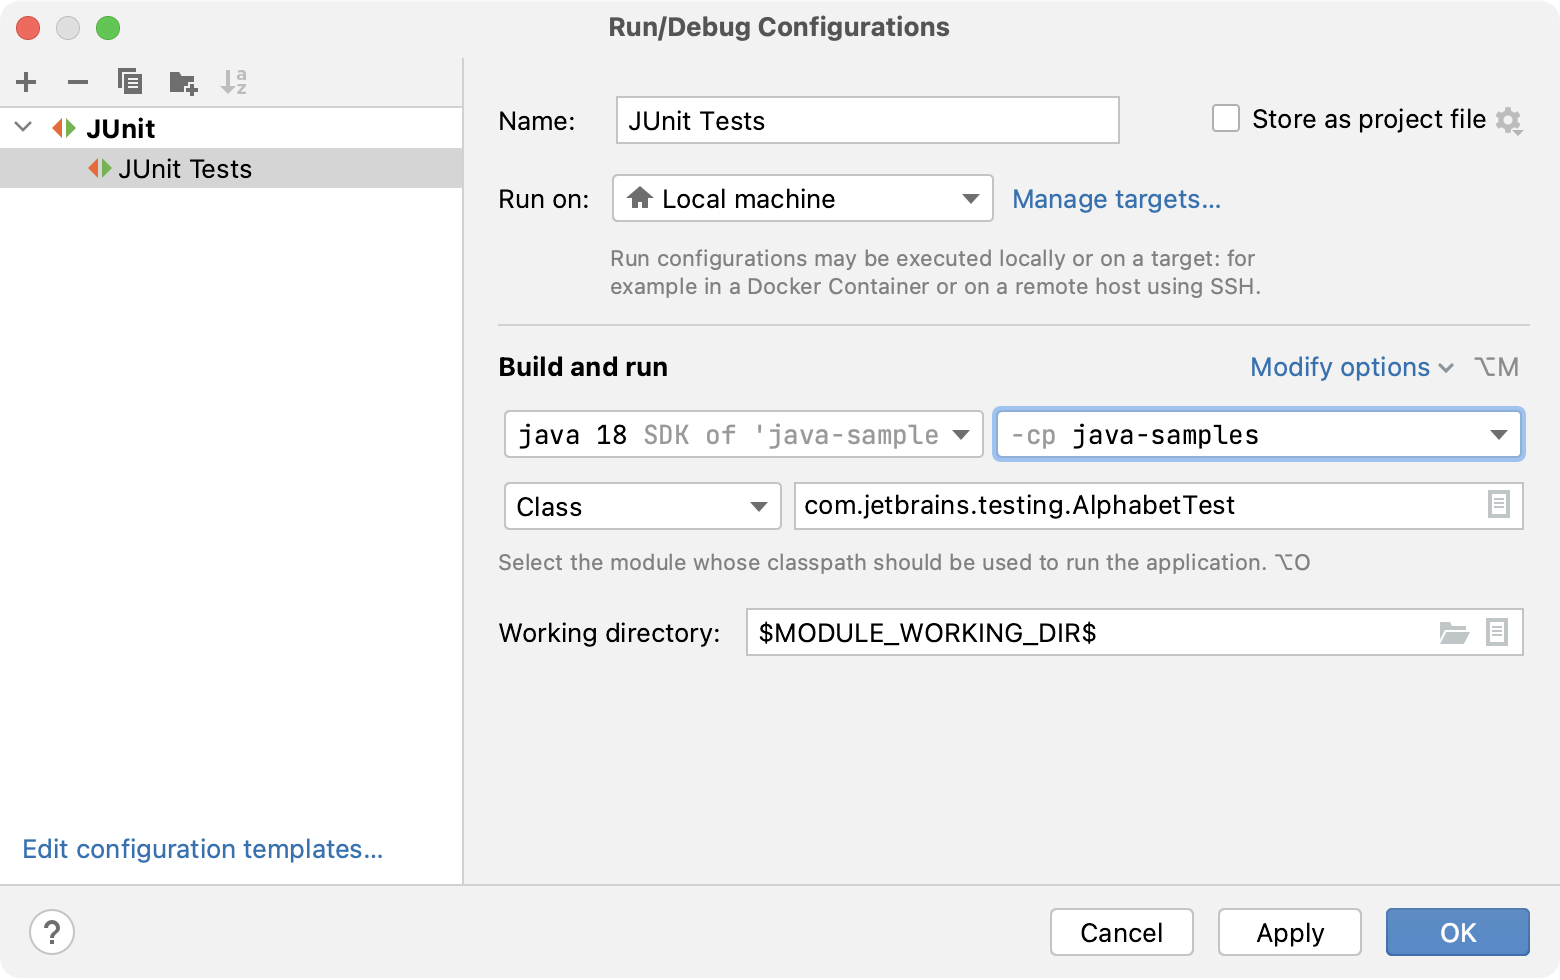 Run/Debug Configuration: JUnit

******************************

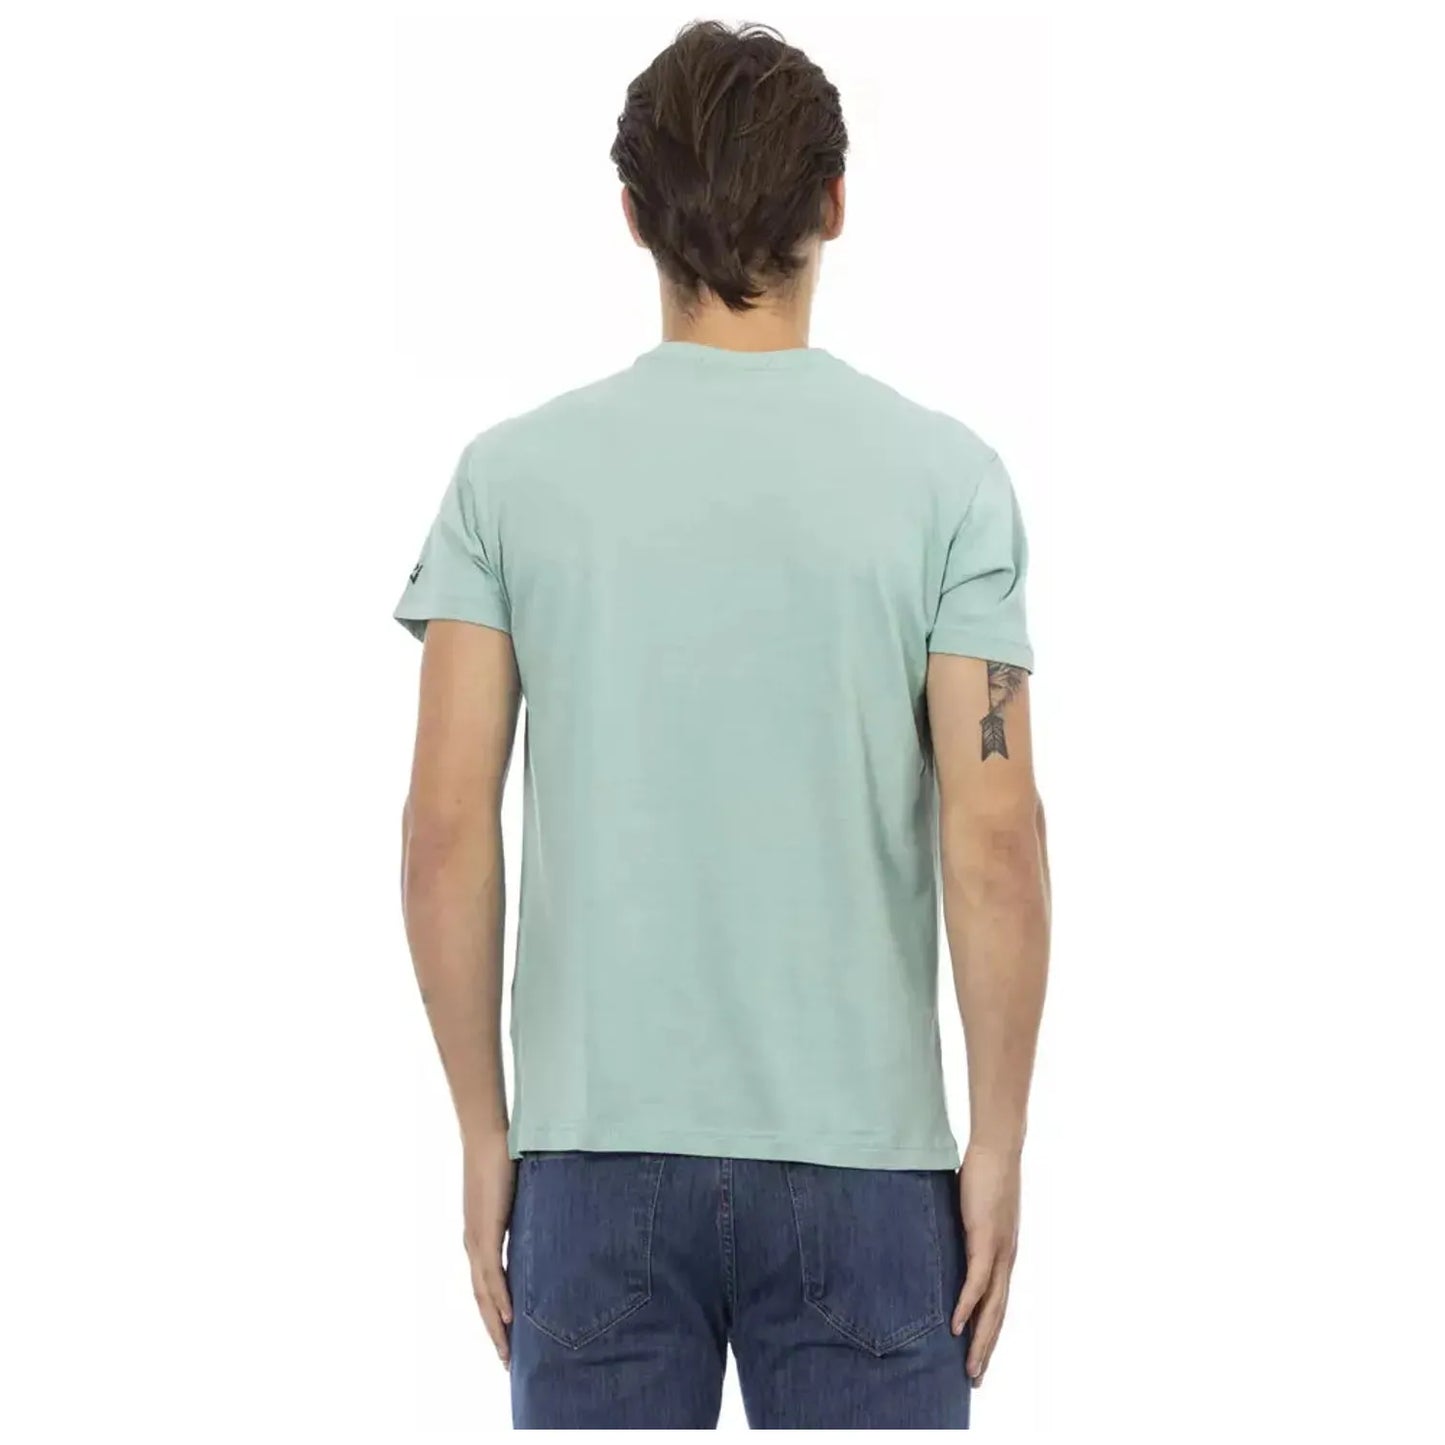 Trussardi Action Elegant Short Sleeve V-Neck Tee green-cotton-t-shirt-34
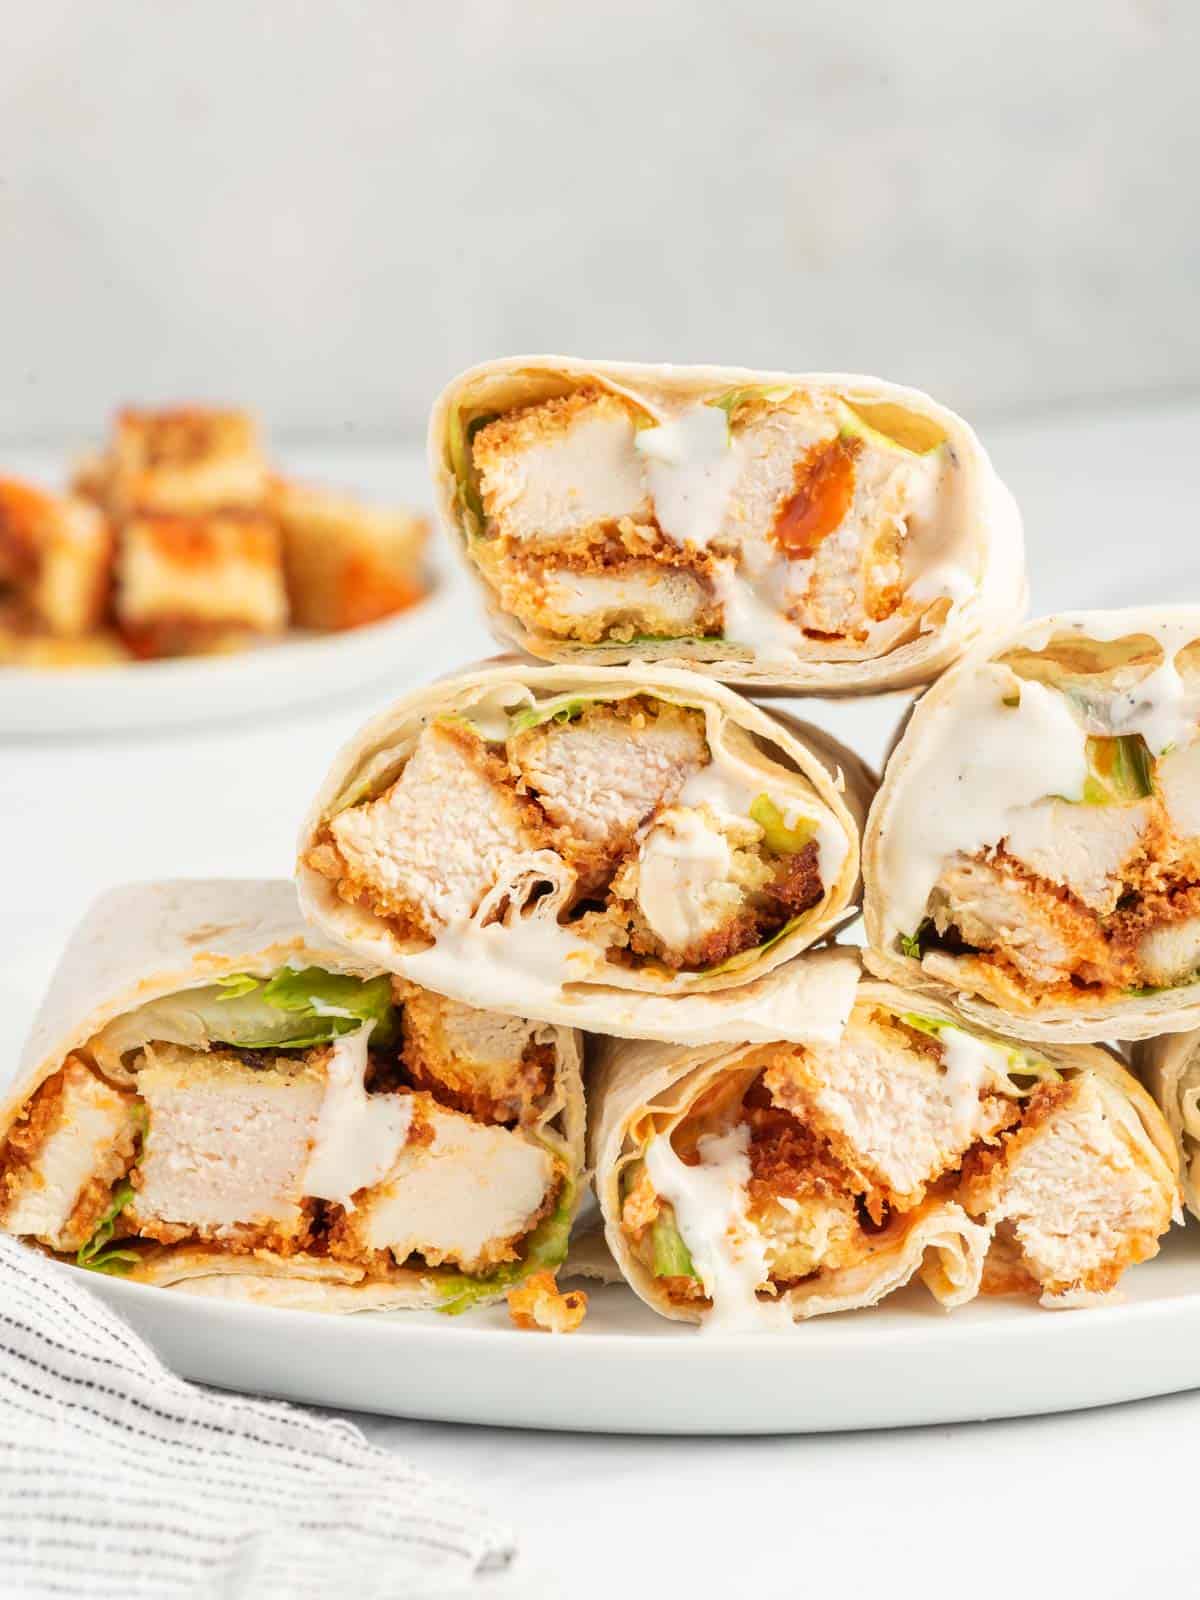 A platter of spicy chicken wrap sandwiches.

******************************

WHAT YOU HAVE TO DO →
Nothing but the lines from the one containing "Trussardi Action Elegant" through the one containing "A platter of spicy chicken wrap sandwiches." should appear, copied exactly from the material above and without pictures.

ANSWER TO THIS EXERCISE →
 Trussardi Action Elegant Short Sleeve V-Neck Tee green-cotton-t-shirt-34
 A platter of spicy chicken wrap sandwiches.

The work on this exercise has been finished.